## WORK INSTRUCTION
As an exercise in exact copying, transcribe the lines below from the one holding "FOCUS Magazin Das verlorene Jahr" through the last, with both ends included and pictures left out.

## DATA BELOW
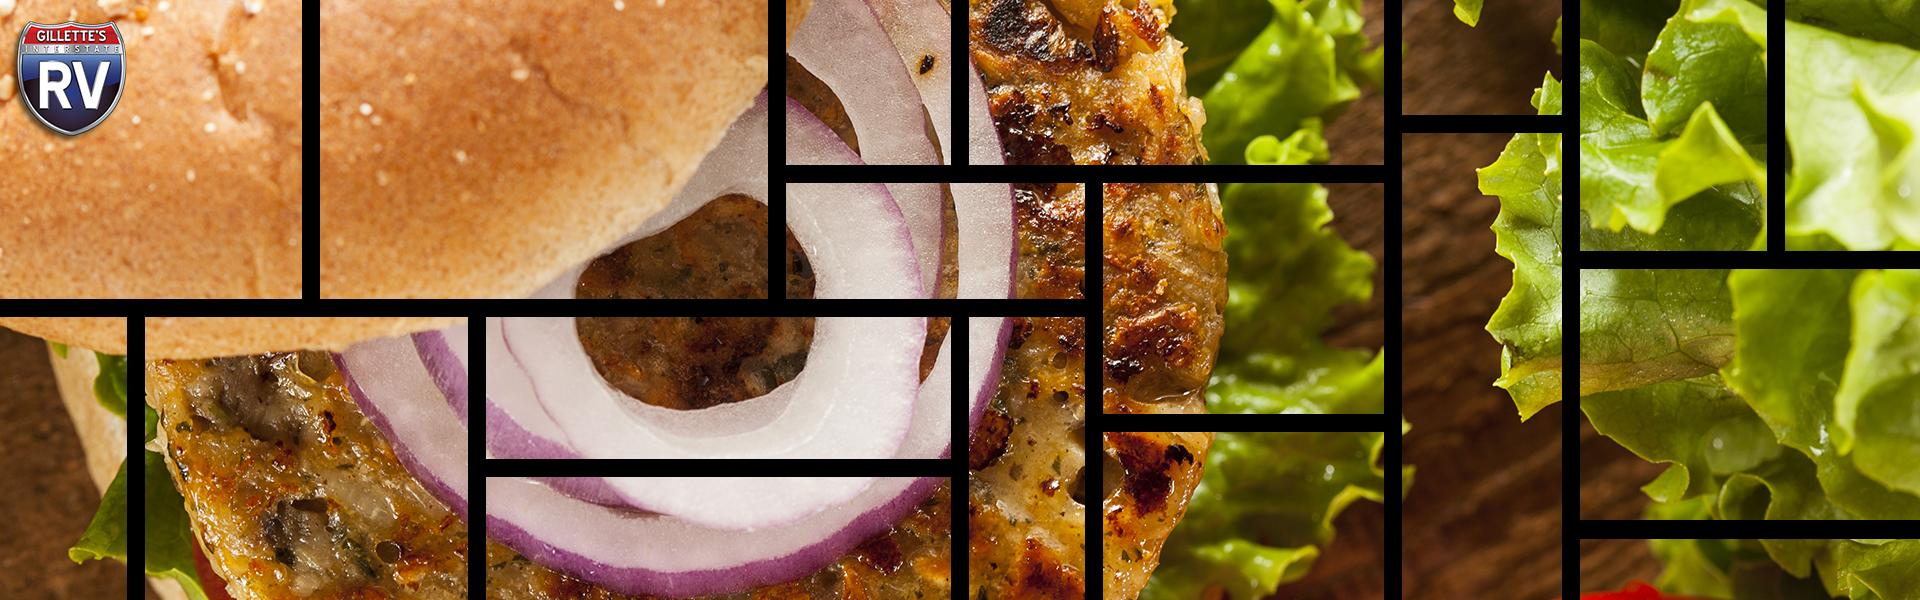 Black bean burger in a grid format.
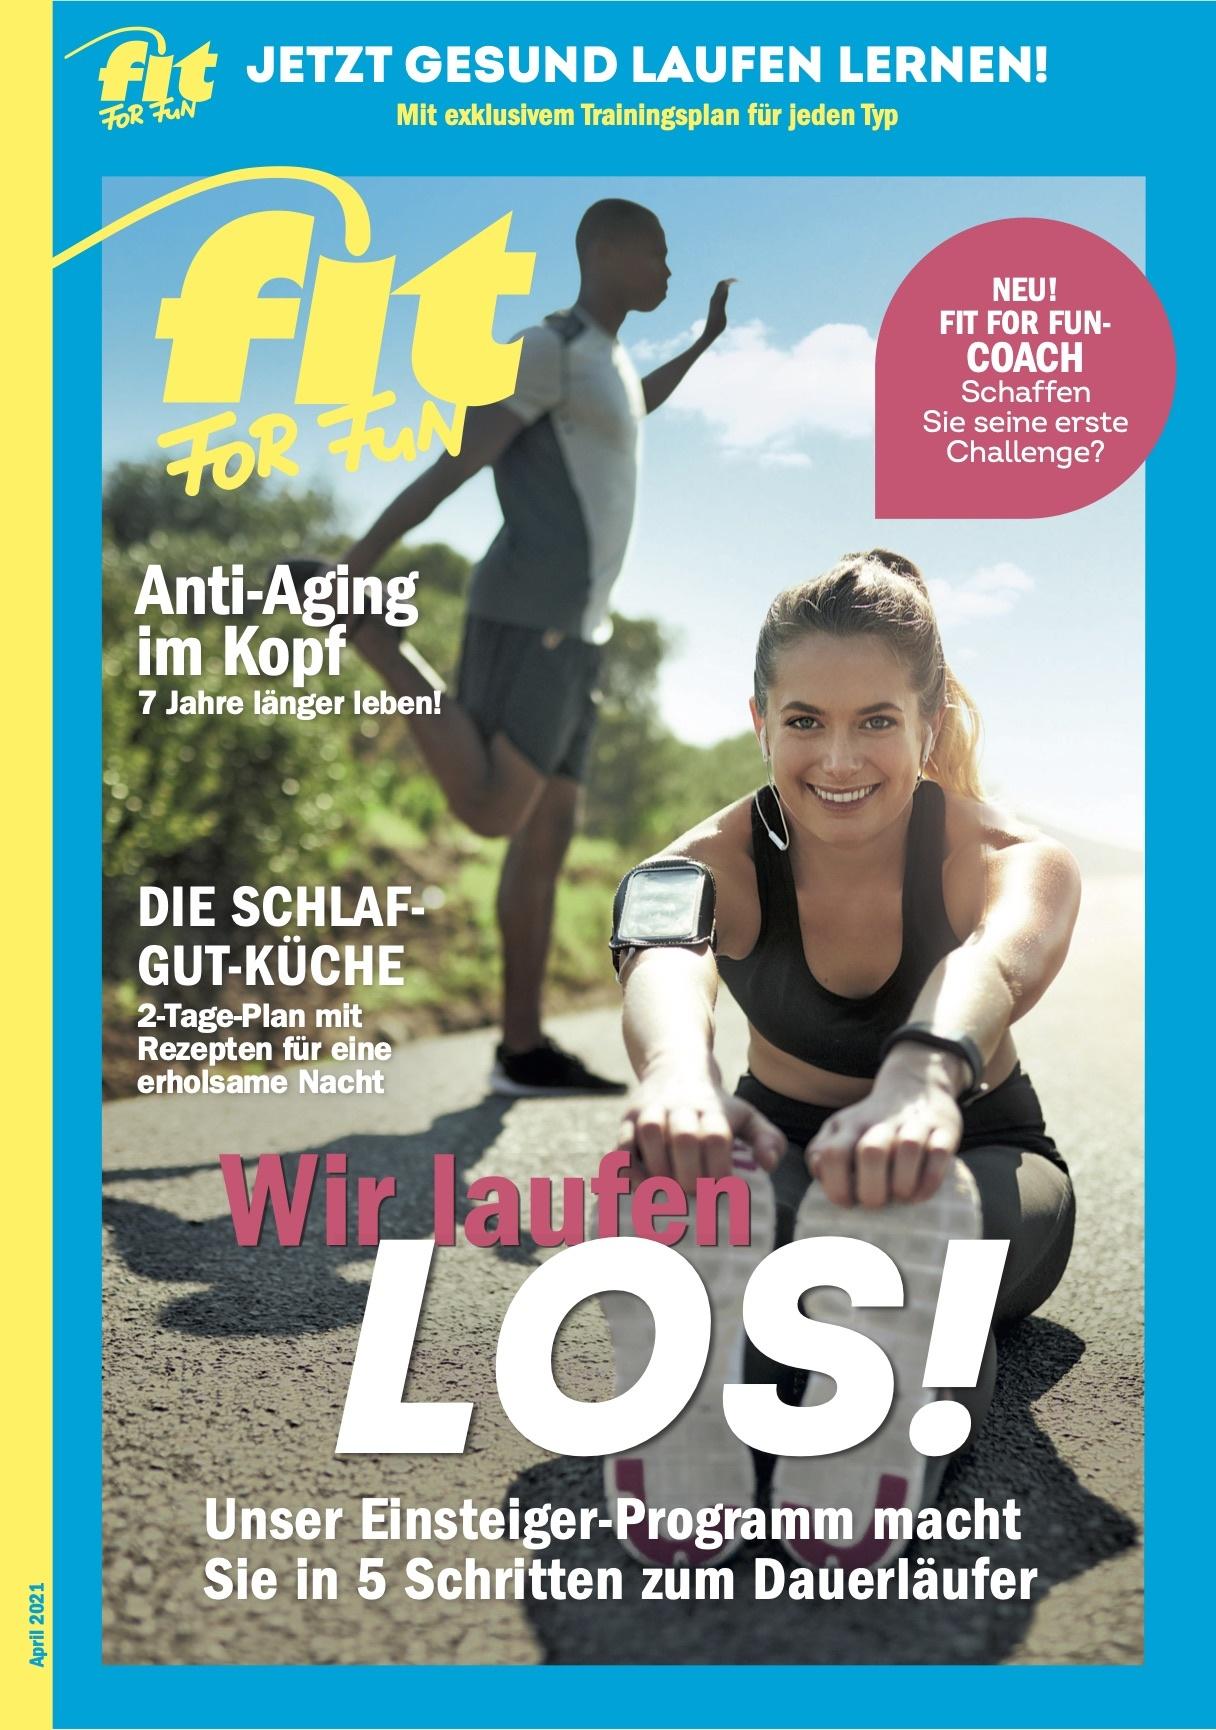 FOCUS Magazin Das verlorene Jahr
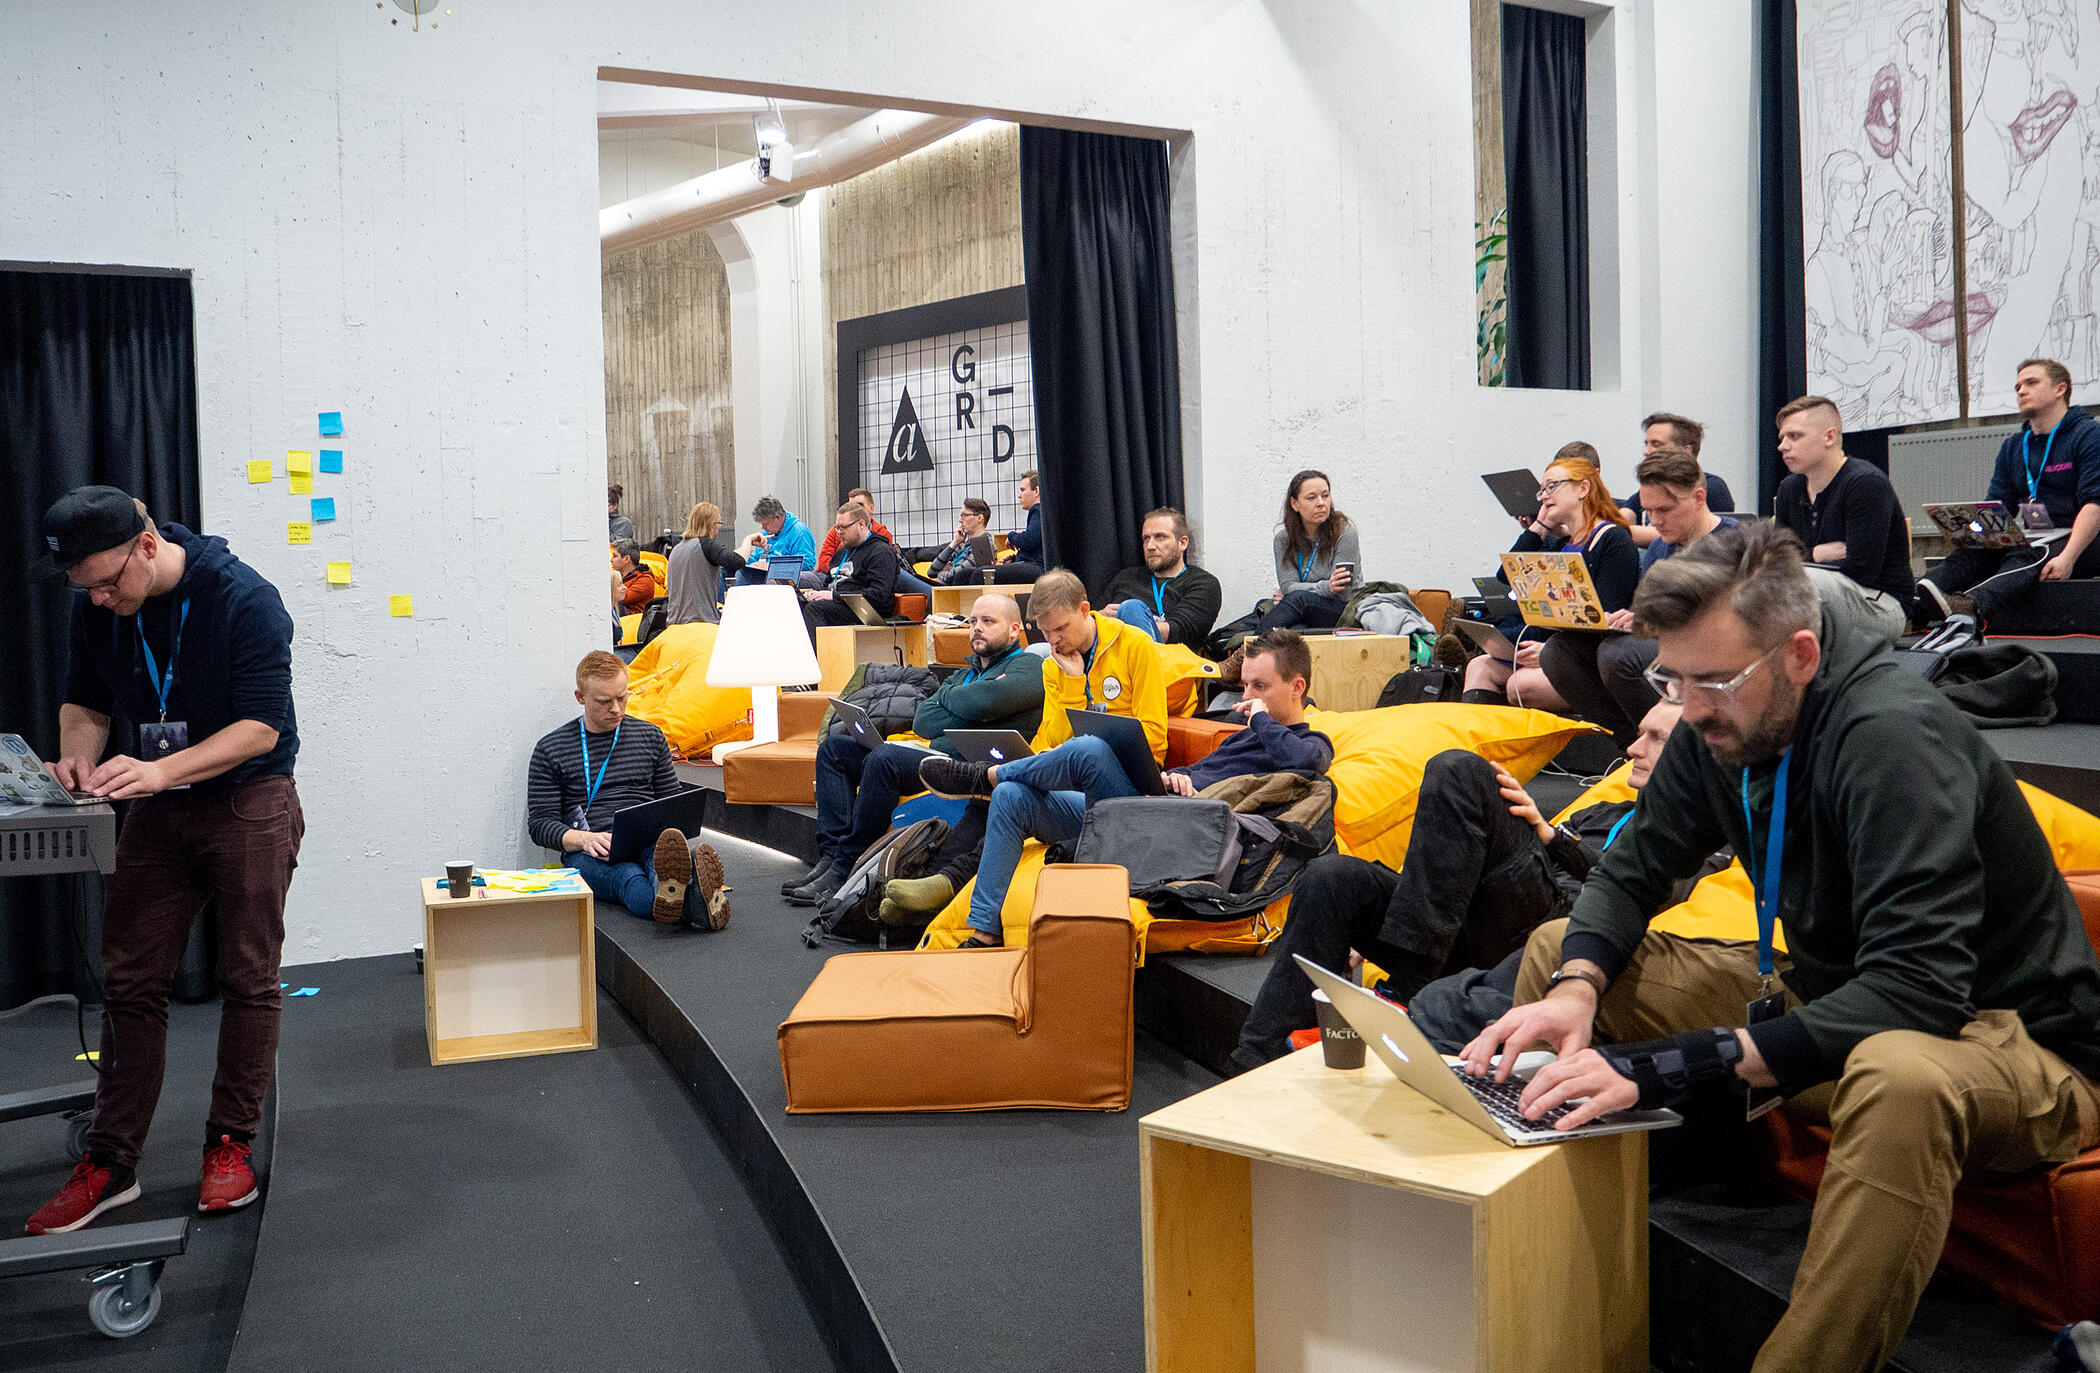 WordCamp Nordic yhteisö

## RESULT
 FOCUS Magazin Das verlorene Jahr
 WordCamp Nordic yhteisö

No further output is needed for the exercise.